Pflegebedürftig sind Personen, die wegen einer körperlichen, geistigen, seelischen Krankheit
oder Behinderung auf Dauer (vorrausichtlich mind. 6 Monate) in erheblichen oder höheren
Maße Hilfe bei den ATL´s bedürfen
4 Bereiche
Körperpflege
Ernährung
Mobilität
Hauswirtschaftliche Versorg.
Feststellung der Pflegebedürftigkeit
-
Antrag bei Pflegekasse, bei der der Pflegebedürftige versichert ist
Antragsformulare werden zugeschickt
Leistungen werden ab Antragsstellung gewährt
Besuch vom MDK (Termin) beim Antragsteller zu Hause oder im Pflegeheim
Termin gut vorbereiten z.

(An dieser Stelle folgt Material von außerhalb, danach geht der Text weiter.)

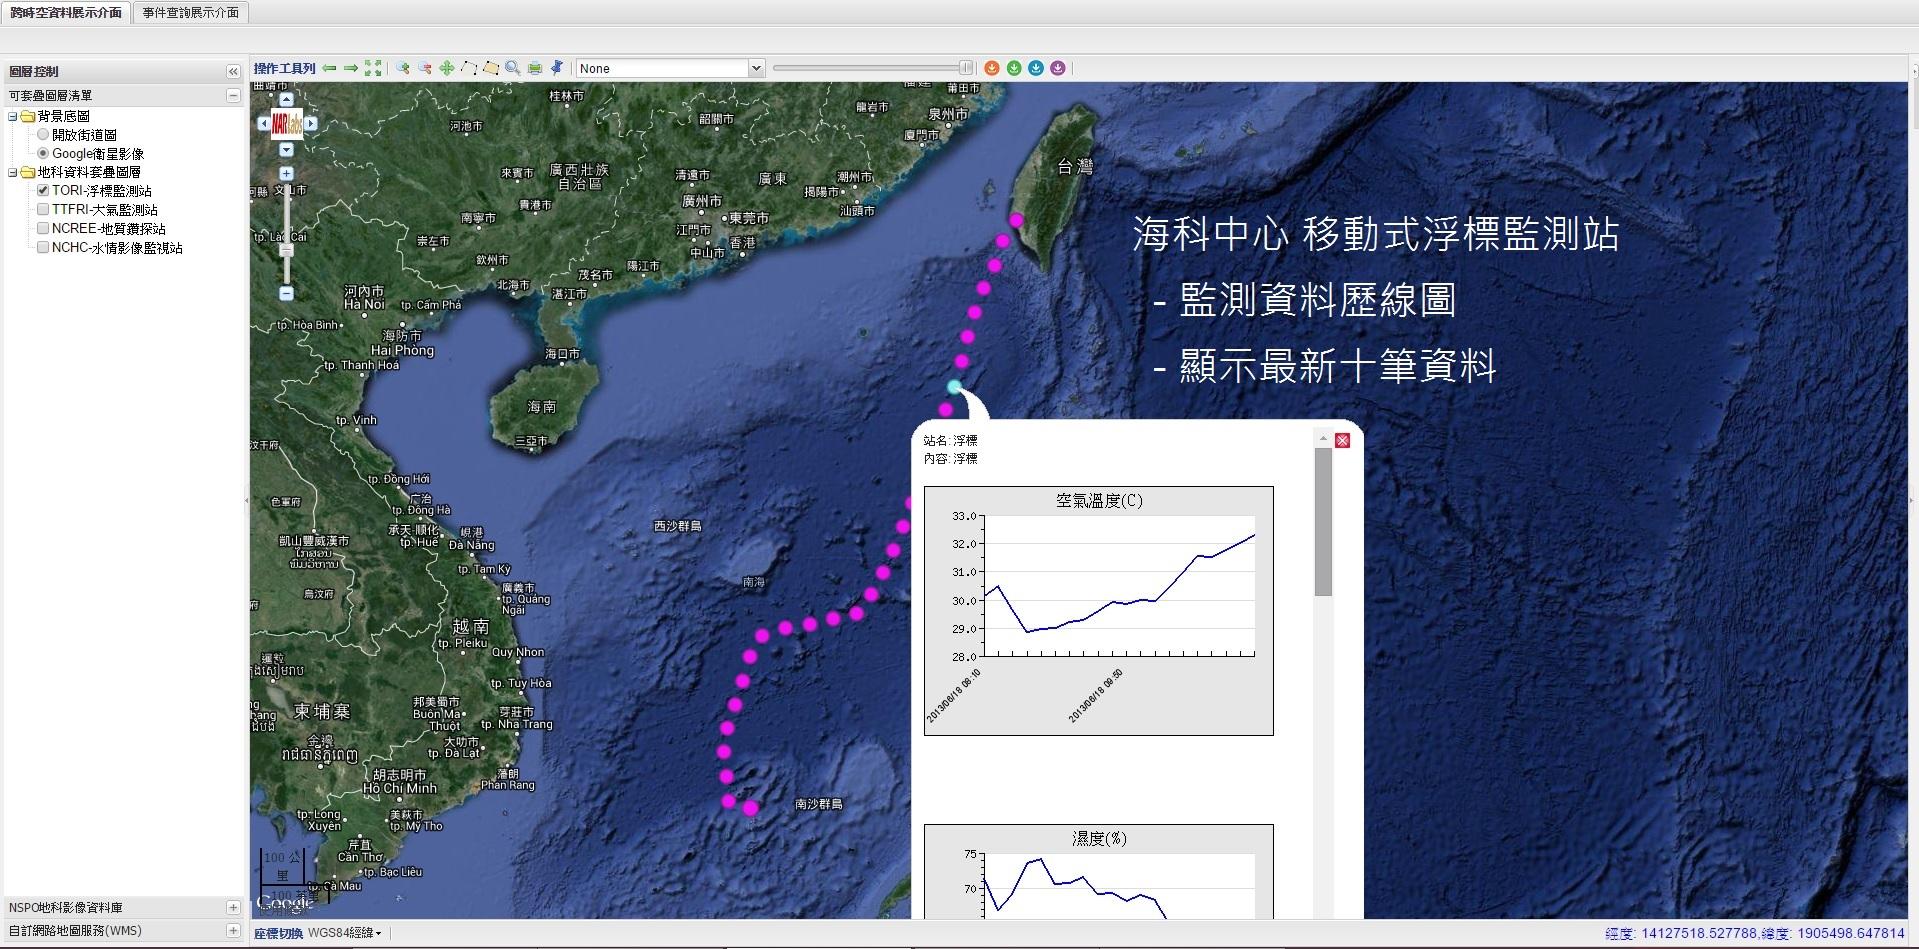 【demo4】海科浮標資料展示

B. Pflegetagebuch schreiben
Aufgrund des Gutachtens vom MDK – Entscheidung ob und in welcher Höhe
Pflegeleistungen gewährt werden
Widerspruchsrecht (1 Monat)
Gesetzliche Rahmenbedingungen
- Leistungen werden mit Krankenkassen, Pflegekassen, Sozialamt (SGB XII), eventuelle
Privatrechnung abgerechnet
1.5.1 Die Pflegestufen
Pflegestufe 1: erheblich pflegebedürftig
- tgl. mindestens 45 Minuten Hilfebedarf bei der Grundpflege in mind. 2
Bereichen
- mehrfach wöchentlich hauswirtschaftliche Versorgung
- Zeitaufwand insgesamt mind. 90 Minuten am Tag
Pflegestufe 2: schwer pflegebedürftig
- tgl. mindestens 2 Stunden Hilfebedarf bei der Grundpflege, davon
mindestens 3 mal täglich
- mehrfach wöchentlich hauswirtschaftliche Versorgung
- Zeitaufwand insgesamt mindestens 3 Stunden am Tag
Pflegestufe 3: schwerst pflegebedürftig
- tgl. rund um die Uhr (auch nachts) mindestens 4 Stunden Hilfebedarf in
allen Bereichen der Grundpflege
- mehrfach wöchentlich hauswirtschaftliche Versorgung
- Zeitaufwand insgesamt mindestens 5 Stunden am Tag
Pflegestufe 3 + (Härtefall): außergewöhnlich hoher Pflegebedarf
- übersteigt erheblich Pflegestufe 3
- übersteigt die Pflegestufe 3 (Zeitaufwand)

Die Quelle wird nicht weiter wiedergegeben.